Discovery of Anti-Amoebic Inhibitors from Screening the MMV Pandemic Response Box on Balamuthia mandrillaris, Naegleria fowleri, and Acanthamoeba castellanii.

Pathogenic free-living amoebae, Balamuthia mandrillaris, Naegleria fowleri, and several Acanthamoeba species are the etiological agents of severe brain diseases, with case mortality rates > 90%. A number of constraints including misdiagnosis and partially effective treatments lead to these high fatality rates. The unmet medical need is for rapidly acting, highly potent new drugs to reduce these alarming mortality rates. Herein, we report the discovery of new drugs as potential anti-amoebic agents. We used the CellTiter-Glo 2.0 high-throughput screening methods to screen the Medicines for Malaria Ventures (MMV) Pandemic Response Box in a search for new active chemical scaffolds.

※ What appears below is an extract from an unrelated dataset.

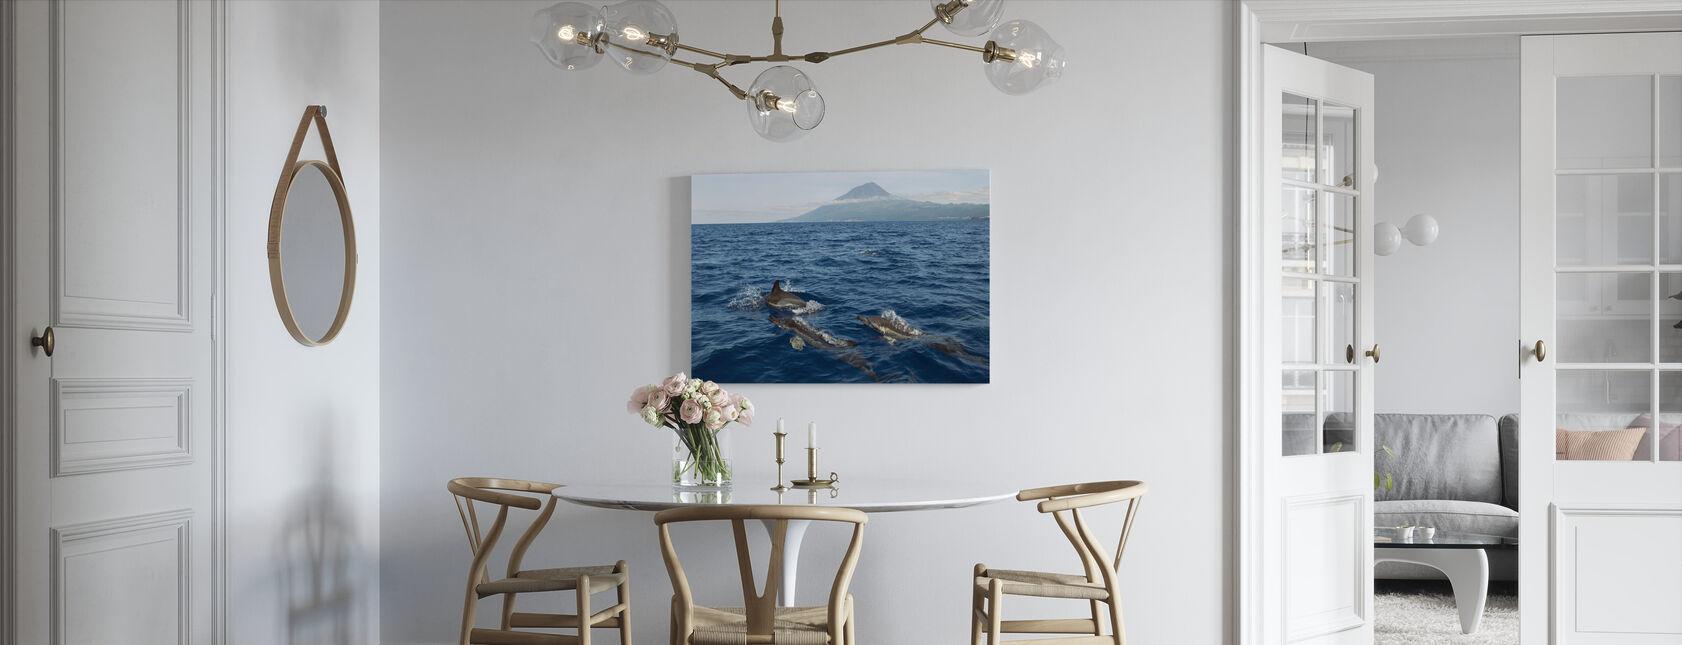 Delfiny na Azorach - Obraz na płótnie - Kuchnia

Initially, we screened the library as a single-point assay at 10 and 1 µM. From these data, we reconfirmed hits by conducting quantitative dose-response assays and identified 12 hits against B. mandrillaris, 29 against N. fowleri, and 14 against A. castellanii ranging from nanomolar to low micromolar potency. We further describe 11 novel molecules with activity against B. mandrillaris, 22 against N. fowleri, and 9 against A. castellanii. These structures serve as a starting point for medicinal chemistry studies and demonstrate the utility of phenotypic screening for drug discovery to treat diseases caused by free-living amoebae.